Another issue that has arisen in this recent period is security both for the refugees and for the humanitarian workers.

Very much so.

How has that complicated your agenda, and what have you done about it?

We have tried to make security issues of our own staff very high in the priorities of getting resources, as well as training the staff. We have increased the number of field security officers so that at least in every dangerous situation there will be a security specialist who can advise our colleagues. All the people who are going to the field are trained for security consciousness. Their supervisors also are to be trained and informed. We have given them equipment. We insist on giving them holidays because a worn-out, distressed worker is already risking his or her own life. So these security measures we have done, but in spite of that I cannot say that it is perfect or that we are totally risk free. We cannot say that because the situation that they are exposed to is a very volatile one.

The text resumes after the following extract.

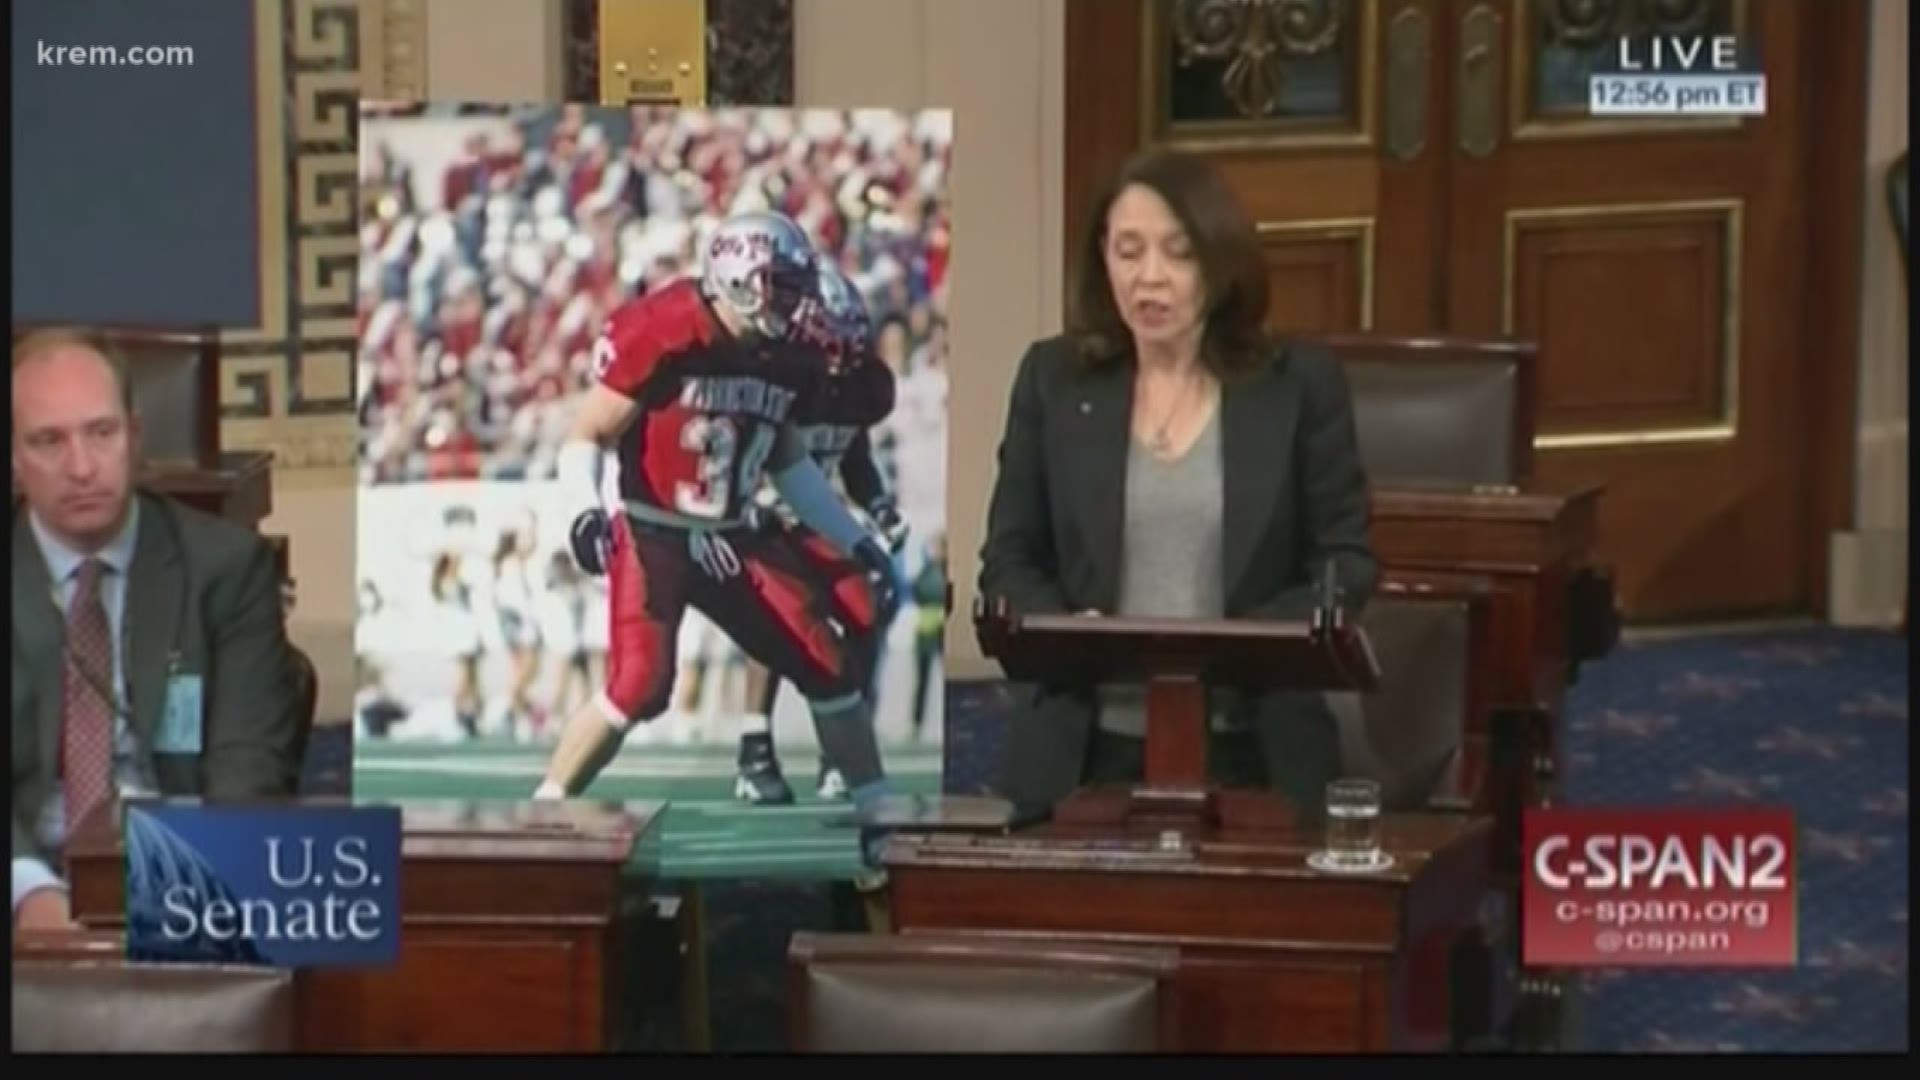 Earlier today -- Washington Senator Maria Cantwell spoke about Gleason on the senate floor.

You have also had to confront the demilitarization of the refugees themselves. Some of these people are not legitimate refugees but participants in the war who may even be war criminals.

War criminals are very hard to indict; that we cannot do. But at least [in the case of] militarized or armed people, we will have to insist that the security responsibility lies theoretically on the country of asylum. But many of these countries do not have the capacity to patrol the refugee camps, to monitor the situation, and so on. So either we have tried to bring in security teams or we have tried to strengthen the law-and-order maintenance capacity of local policeman and so on. These are things we have tried to do; it is not a perfect answer. But we do have to continue to do a little bit better.

In the end, these refugee situations require a comprehensive settlement and a comprehensive solution. What can your office and your colleagues do to further that reality, even though it is not something that you can do on your own?

Whenever there are comprehensive settlements, whether it is the Cambodian under UNCTAF (the UN had a very comprehensive transition team) or whether it was the Bosnian Dayton peace agreement, we are usually invited to make comments on the terms, which we do. We try to make sure the settlement does reflect the important principles and process for the return of refugees to a more normal life.

How does the return and reintegration of the refugees affect the broader process of building peace and securing justice in some of these places?

On peace, I always feel that a country that has large numbers of their population still outside their country is not at peace. Return of refugees is a very important ingredient of reestablishing peace of a country. Justice is a very complicated issue because if you insist on justice -- what do you do with people who were caught and fled? Or who evaded draft? There has to be a balance between amnesty and justice. For these problems, South Africa used its way, Cambodia is looking for its way, Rwanda is looking for its way. And Dayton is looking for its way. In every post-conflict situation, in the process of achieving reconciliation and reconstruction, the issues of amnesty and justice are very important.